2. DATA COLLECTION, AGGREGATION, TRANSFORMATION AND
DISSEMINATION
The quality and high availability of traffic data sources, especially when the systems
are reporting current conditions, is essential in a traffic information system. Given the
lack of standards and the complexity of collecting data in a harsh and inconsistent
environment, it is a difficult technical and business challenge to collect and
disseminate aggregated traffic information.

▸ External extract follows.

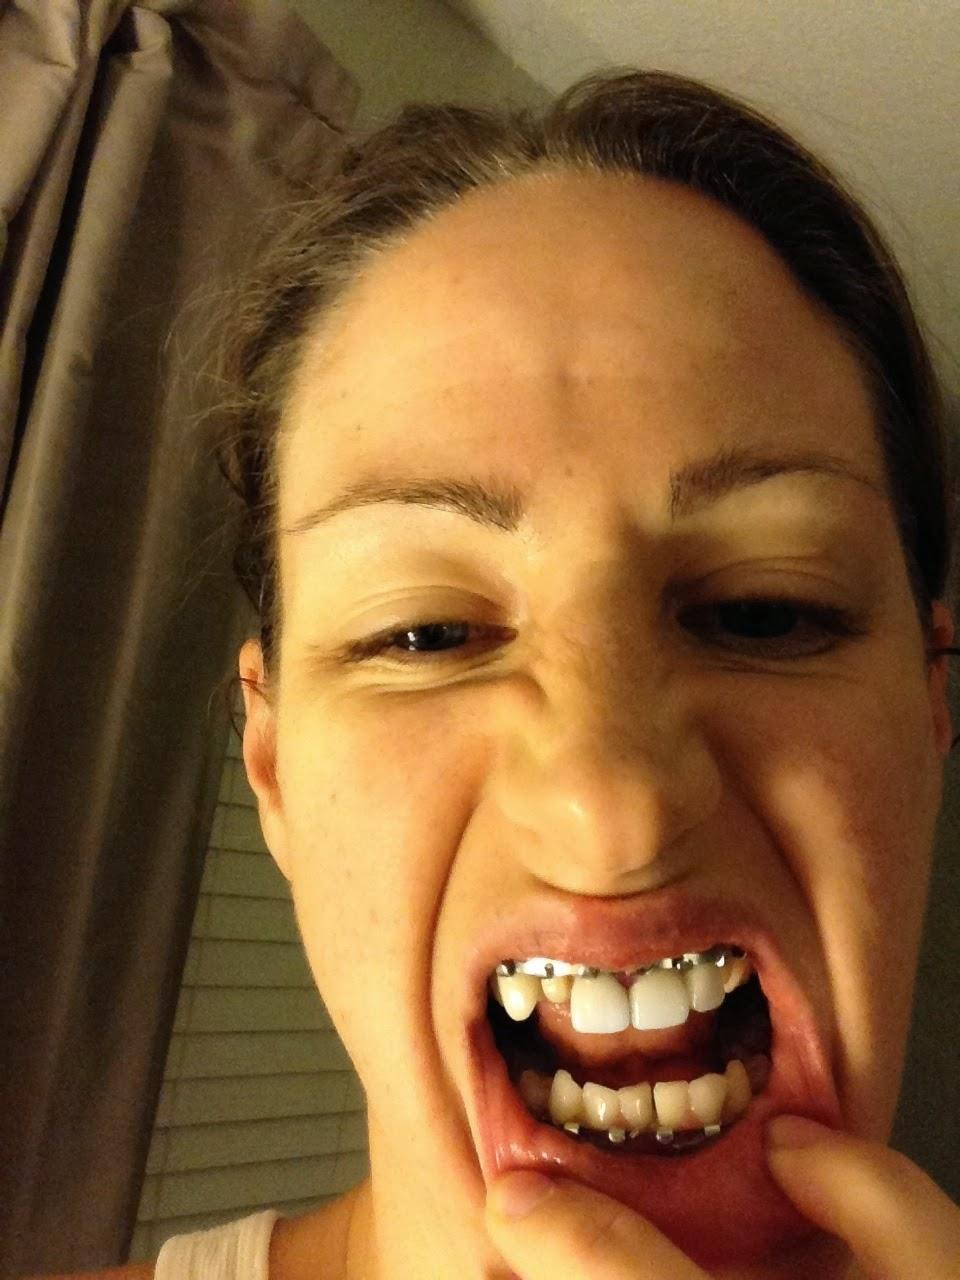 Wiring Mouth Shut For Broken Jaw

The challenges associated with traffic data feeds are twofold. Each data feed is
uniquely formatted and, once consolidated in the server database (aka Traffic
Information Channel, TIC) conversion needs to be made in order for the
heterogeneous live traffic information and static road-related data to be correctly
mapped and viewed in the selected GIS (Google Maps). Thus, the TIC server applies
specific algorithms to normalize data and enhance or discard the vast amount of
erroneous, obsolete or useless data.
In our case, the TIC server collects an HTTP plain text feed from the DGT1
(http://www.dgt.es/gsmplus.txt) and an XML feed from RACC proprietary
emergency roadside assistance system2. This is what we call dynamic data (real-time
data). Static data as provided by the DGT through their website (black spots, speed
cameras) and by the EuroRAP programme is encoded using an ad hoc protocol.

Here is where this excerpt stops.